Jesus throws these simple little stories into our ordinary lives and we think, “What is this doing here?” They appear so commonplace, so insignificant. We expect big things from a teacher the stature of Jesus — bold headlines, eternal truths, religious thunder. But these Jesus-stories are so unpretentious. More often than not, one or another of them lodges unnoticed in our consciousness and then, unexpectedly, begins to release insights, create new perspectives, shift the very ground beneath us so that we find ourselves reeling, reaching out for support.
When the story is allowed to complete its work, the sole support we find ourselves grabbing onto is God.
Jesus was once asked by one of his friends why he told stories. He responded that he told stories ‘to create readiness, to nudge people toward receptive insight.” His stories, besides inviting us into a larger world than we presently inhabit, pull us into it as participants. These are not stories that entertain, that let us sit back on a bench watching the action. We BECOME the action. These stories don’t tell us something new. they involve us in what has been sitting right in front of us for years but that we hadn’t noticed, hadn’t thought was important, hadn’t considered to be connected to us and our lives.
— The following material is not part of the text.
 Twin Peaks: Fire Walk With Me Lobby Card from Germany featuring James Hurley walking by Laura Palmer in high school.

And then suddenly, we do notice. The story wakes us up to what is there, and has always been there. Without leaving the world we work and sleep and play in daily, we find ourselves in a far larger world. We embrace connections and meanings and significance in our lives far beyond what our employers and teachers, our parents and children, our friends and neighbors, and all the so-called experts and celebrities have told us for so long.
But Jesus not only told stories. He IS the story. The stories he told are trailheads into the story he lived and lives. Any one of the stories he told can bring any one of us into the story itself. Consider yourself invited.”
Eugene Peterson
Well that was a lot. I am going to make sure to read that a time or two more to make sure that it sinks in. Eugene is a very insightful guy. The translation of the Bible that I use most these days is his Message. It is a paraphrase and not a word for word translation. It holds the story important over the literal meaning of individual words in the text. Does that make sense?
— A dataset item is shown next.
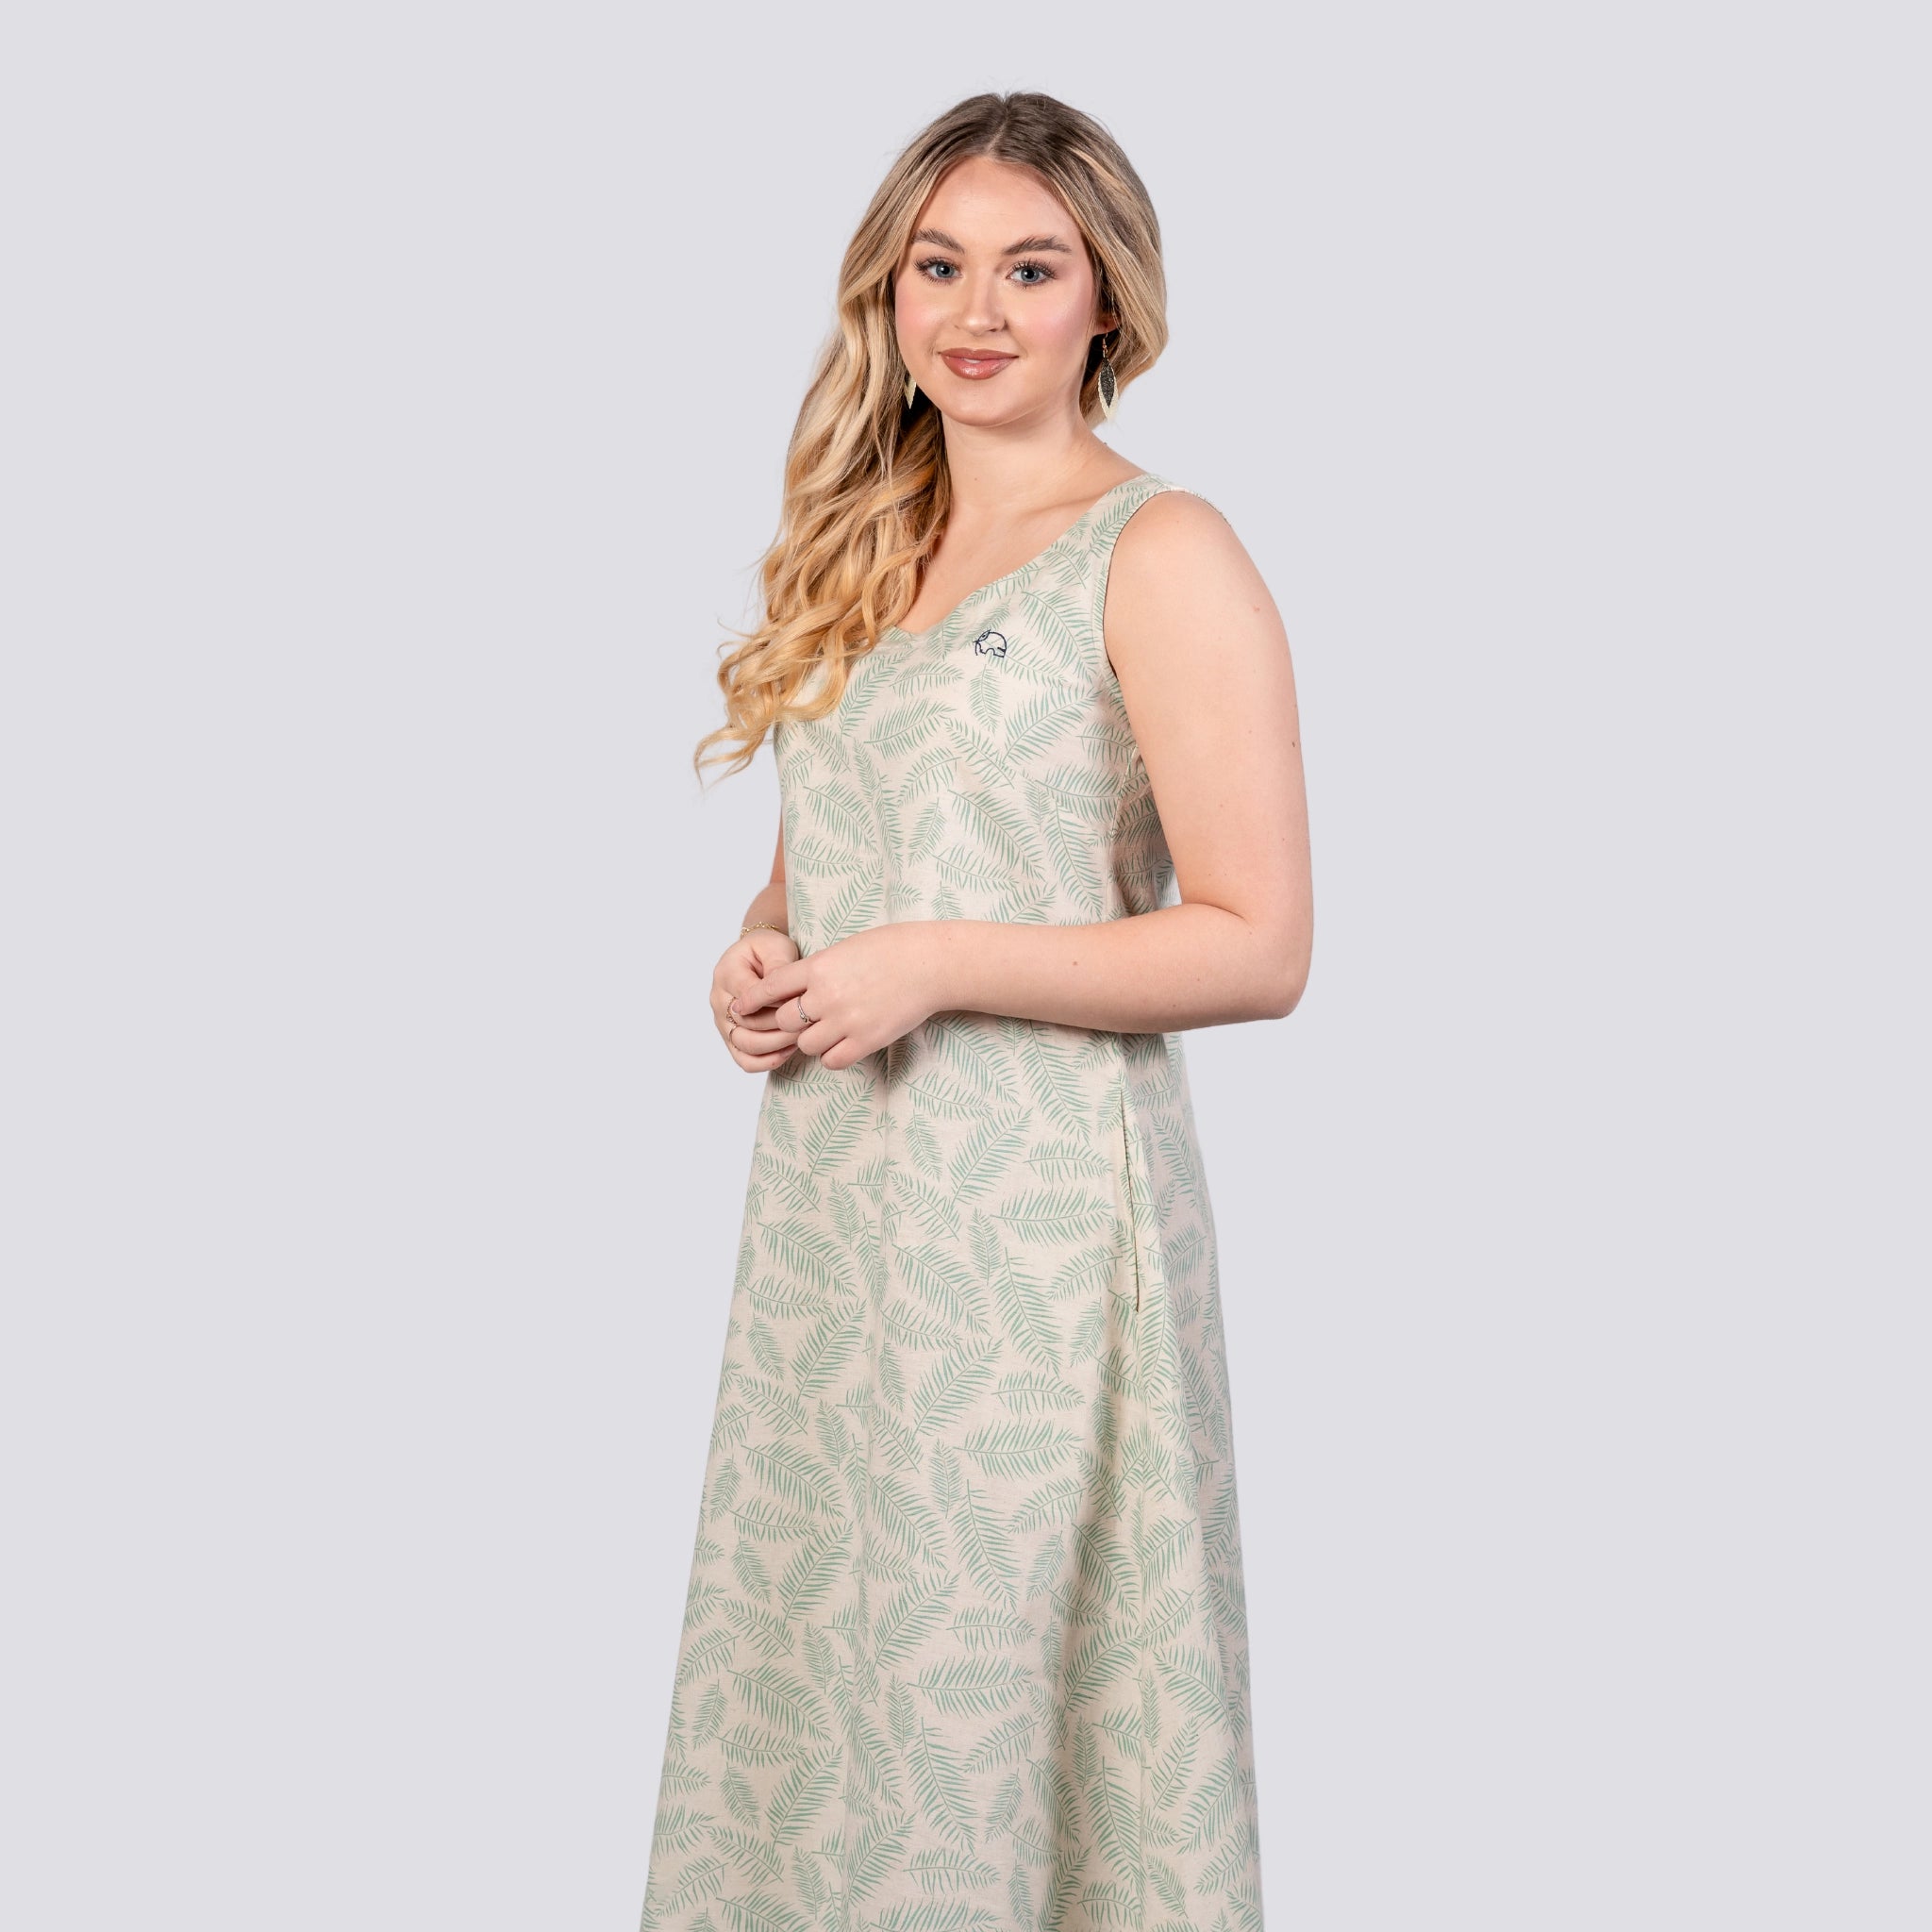 Young woman in a Karee Mystic Breeze High Low Linen Cotton Midi Dress, standing against a light gray background, smiling slightly.

OK, off to walk in a moment. Have to fill the bird feeders as I walk. They cleaned me out while we were gone on our junket. Junket away from the juncos.
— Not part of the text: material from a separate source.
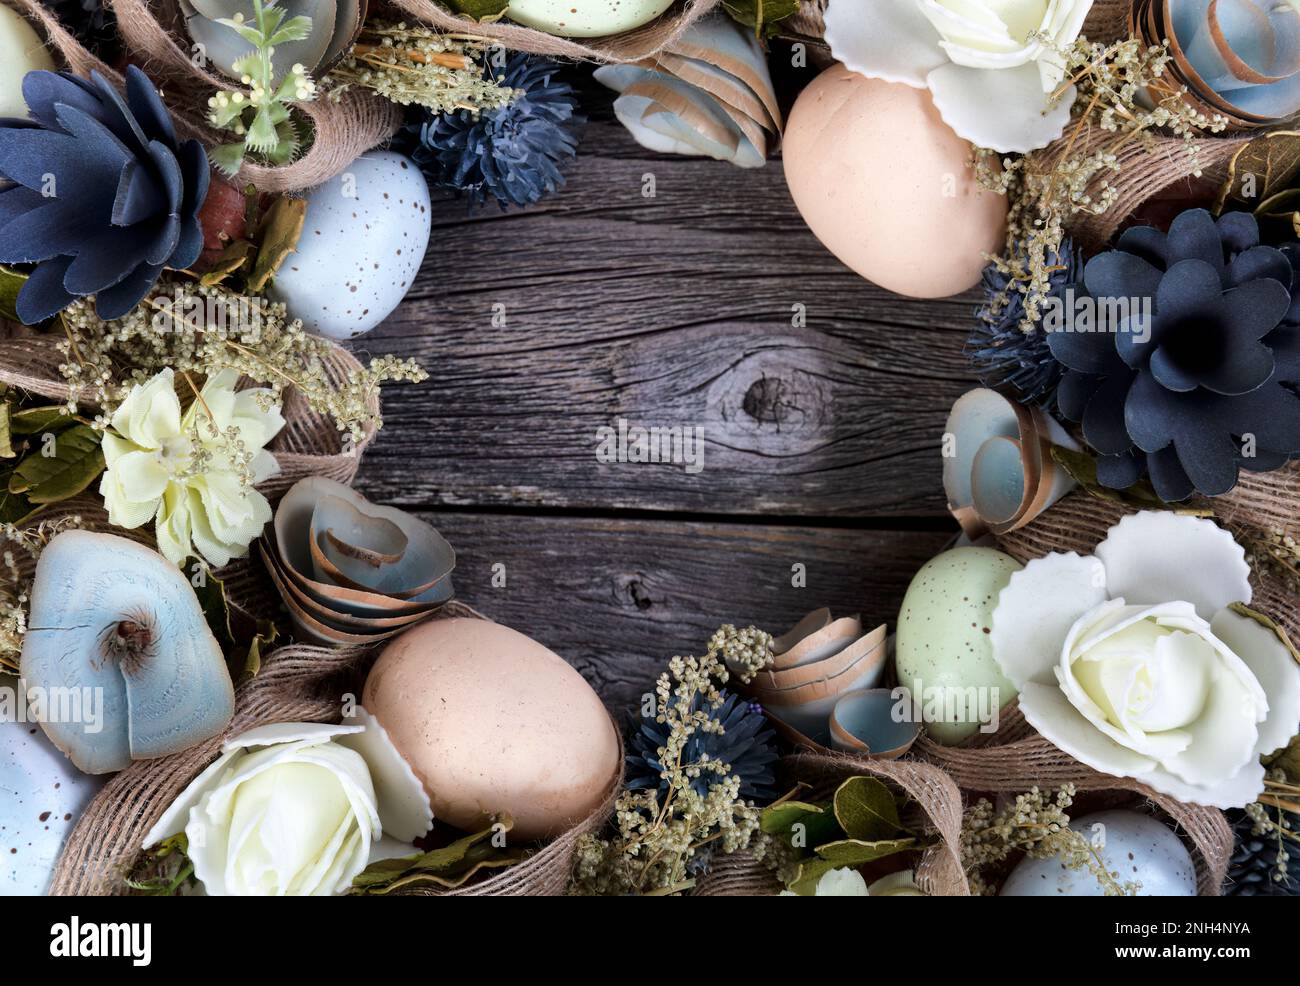 Circle border of a wreath decorated for Easter holiday concept on rustic wooden background Stock Photo

Also very exciting, Cris from Buenos Aires is coming in on Wednesday and will be here through Saturday. Coincidentally I am reading the Pilgrimage by Mark Schriver, a bio of Pope Francis and the early part is full of info about that city which I know little about. Tell you more soon. Love, Felipe.
Thank you, as always, Phil.
Your readers can get to know Eugene Peterson at https://onbeing.org/programs/eugene-peterson-entering-into-what-is-there/
He is one of my go to people. I try and read The Message when entering a bible study to get some ‘comfort food’ on my plate.
Thanks Ron ~ yes, I find him very helpful. Felipe.